You can choose to run on instances deployed to AWS, Google Cloud, or Azure. We’ll be sticking to AWS (the others, I think, have a slight price premium).

While SearchStax gives you a pricing pages that looks like the “new-way-of-doing-things” transparent pricing, in fact there isn’t really enough info on public pages to see all the price points and understand what you’re getting, there is still a kind of “talk to a salesperson who has a price sheet” thing going on.

What I think I have figured out from talking to a salesperson and support, is that the “Silver” plans (“Starting at $19 a month”, although we’ll say more about that in a bit) are basically: We give you a Solr, we don’t don’t provide any technical support for Solr.

While the “Gold” plans “from $549/month” are actually about paying for Solr consultants to set up and tune your schema/index etc. That is not something we need, and $549+/month is way more than the price range we are looking for.

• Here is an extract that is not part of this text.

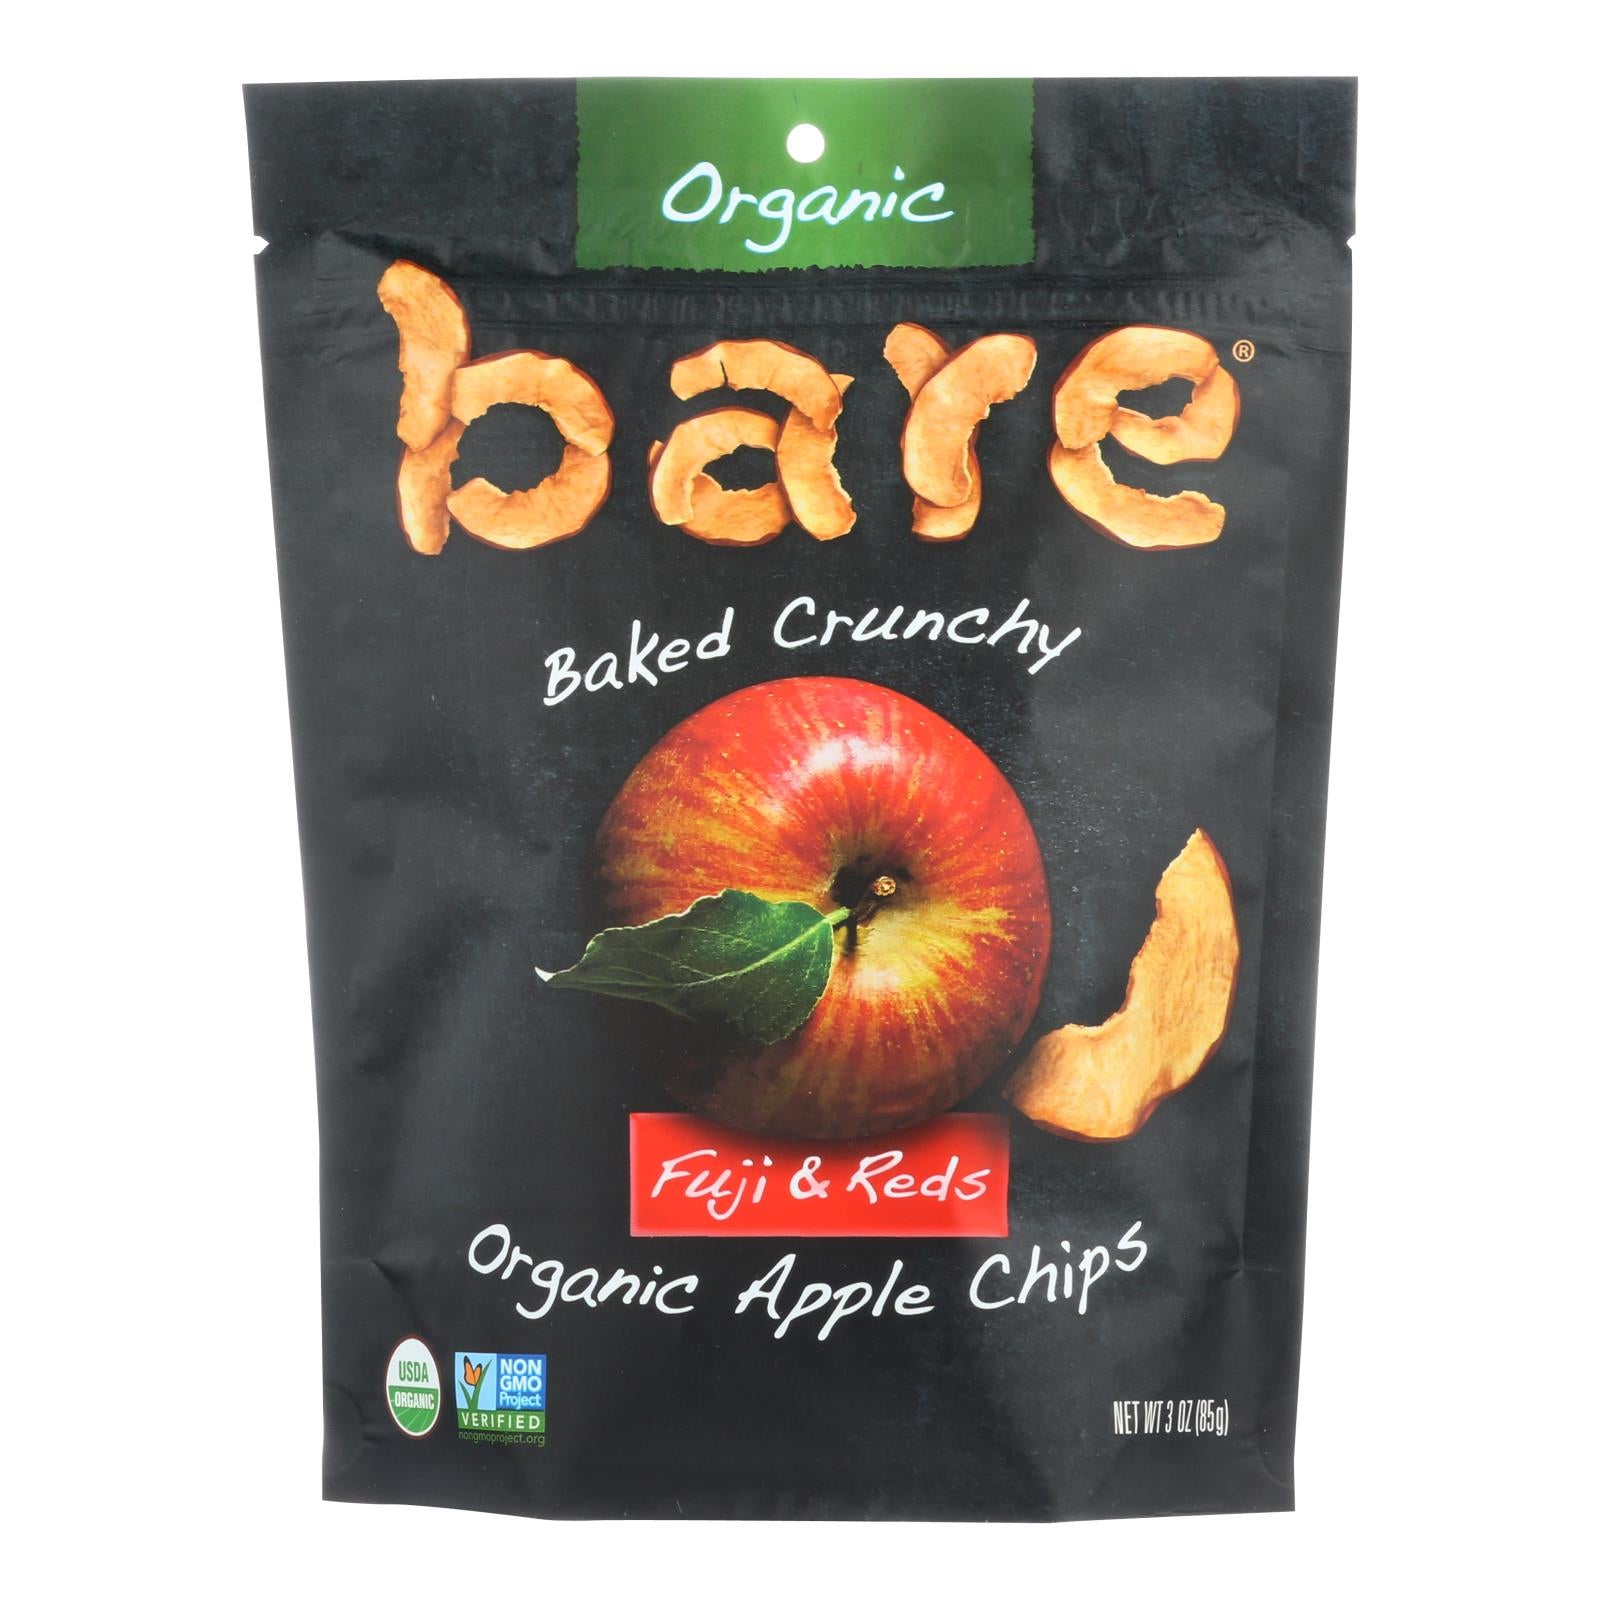 Bare Fruit, Bare Fruit Apple Chips - Organic - Crunchy - Fuji Red - 3 oz - case of 12 (Pack of 12)

While the SearchStax pricing/plan pages kind of imply the “Silver” plan is not suitable for production, in fact there is no real reason not to use it for production I think, and the salesperson I talked to confirmed that — just reaffirming that you were on your own managing the Solr configuration/setup. That’s fine, that’s what we want, we just don’t want to mangage the OS or set up the Solr or upgrade it etc. The Silver plans have no SLA, but as far as I can tell their uptime is just fine. The Silver plans only guarantees 72-hour support response time — but for the couple support tickets I filed asking questions while under a free 14-day trial (oh yeah that’s available), I got prompt same-day responses, and knowledgeable responses that answered my questions.

So a “silver” plan is what we are interested in, but the pricing is not actually transparent.

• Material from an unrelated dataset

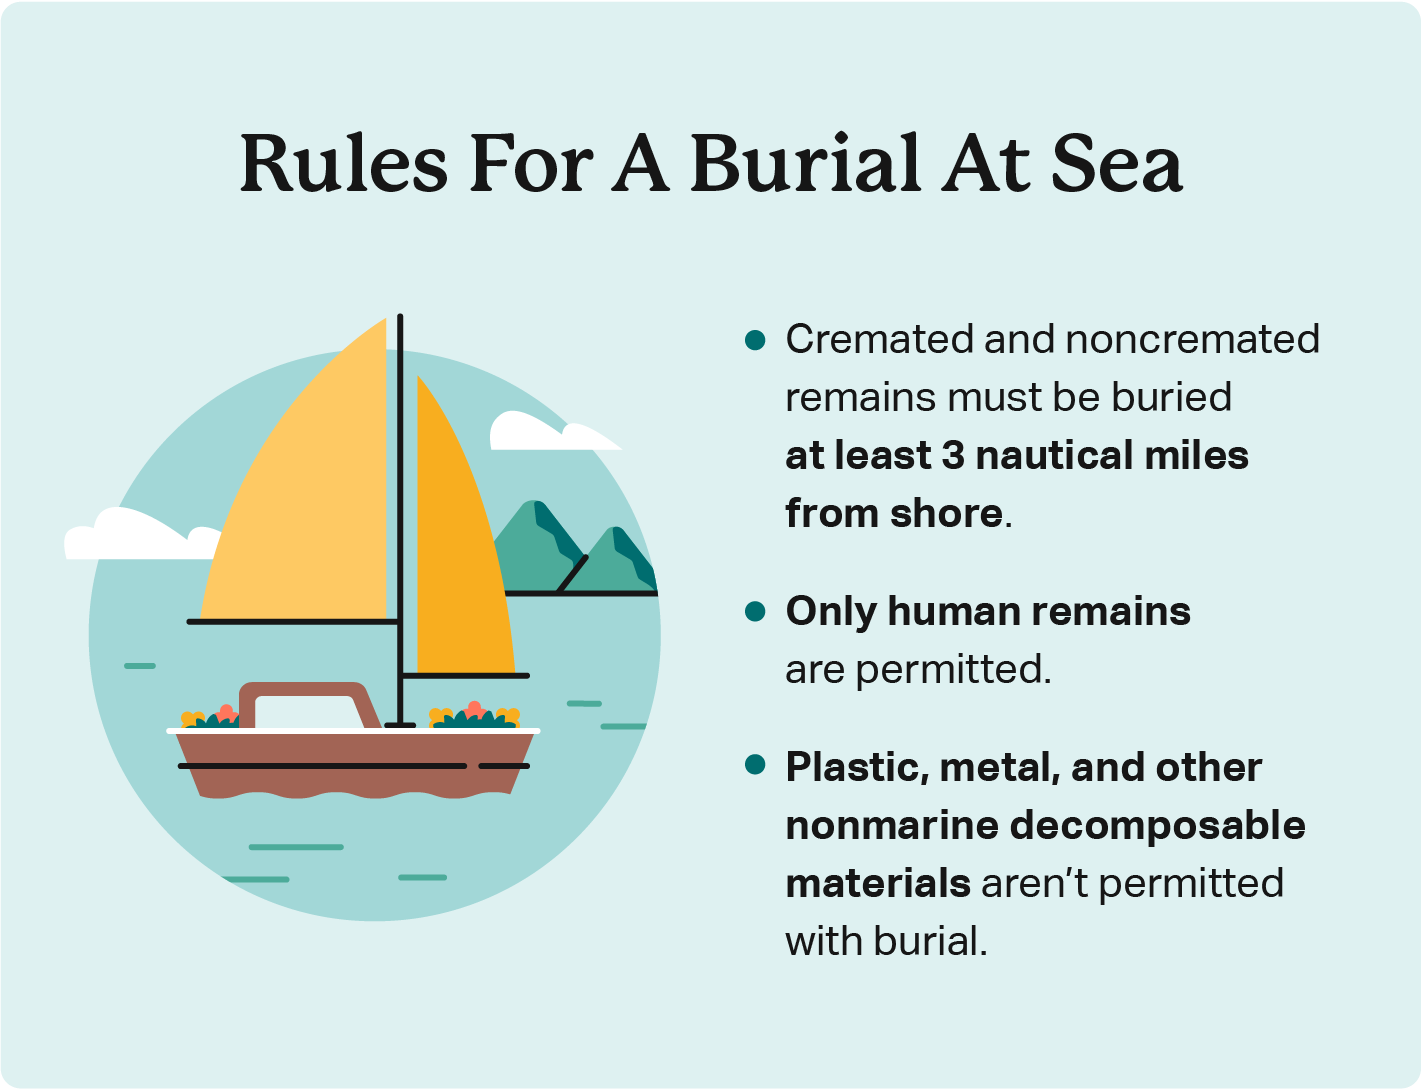 Illustration of a sailboat highlights rules for burials at sea.

$19/month is for the smallest instance available, and IF you prepay/contract for a year. They call that small instance an NDN1 and it has 1GB of RAM and 8GB of storage. If you pay-as-you-go instead of contracting for a year, that already jumps to $40/month. (That price is available on the trial page).

When you are paying-as-you-go, you are actually billed per-day, which might not be as nice as heroku’s per-minute, but it’s pretty okay, and useful if you need to bring up a temporary solr instance as part of a migration/upgrade or something like that.

The next step up is an “NDN2” which has 2G of RAM and 16GB of storage, and has an ~$80/month pay-as-you-go — you can find that price if you sign-up for a free trial. The discount price price for an annual contract is a discount similar to the NDN1 50%, $40/month — that price I got only from a salesperson, I don’t know if it’s always stable.

It only occurs to me now that they don’t tell you how many CPUs are available.

I’m not sure if I can fit our Solr in the 1G NDN1, but I am sure I can fit it in the 2G NDN2 with some headroom, so I didn’t look at plans above that — but they are available, still under “silver”, with prices going up accordingly.

All SearchStax solr instances run in “SolrCloud” mode — these NDN1 and NDN2 ones we’re looking at just run one node with one zookeeper, but still in cloud mode. There are also “silver” plans available with more than one node in a “high availability” configuration, but the prices start going up steeply, and we weren’t really interested in that.

Because it’s SolrCloud mode though, you can use the standard Solr API for uploading your configuration. It’s just Solr! So no arbitrary usage limits, no features disabled.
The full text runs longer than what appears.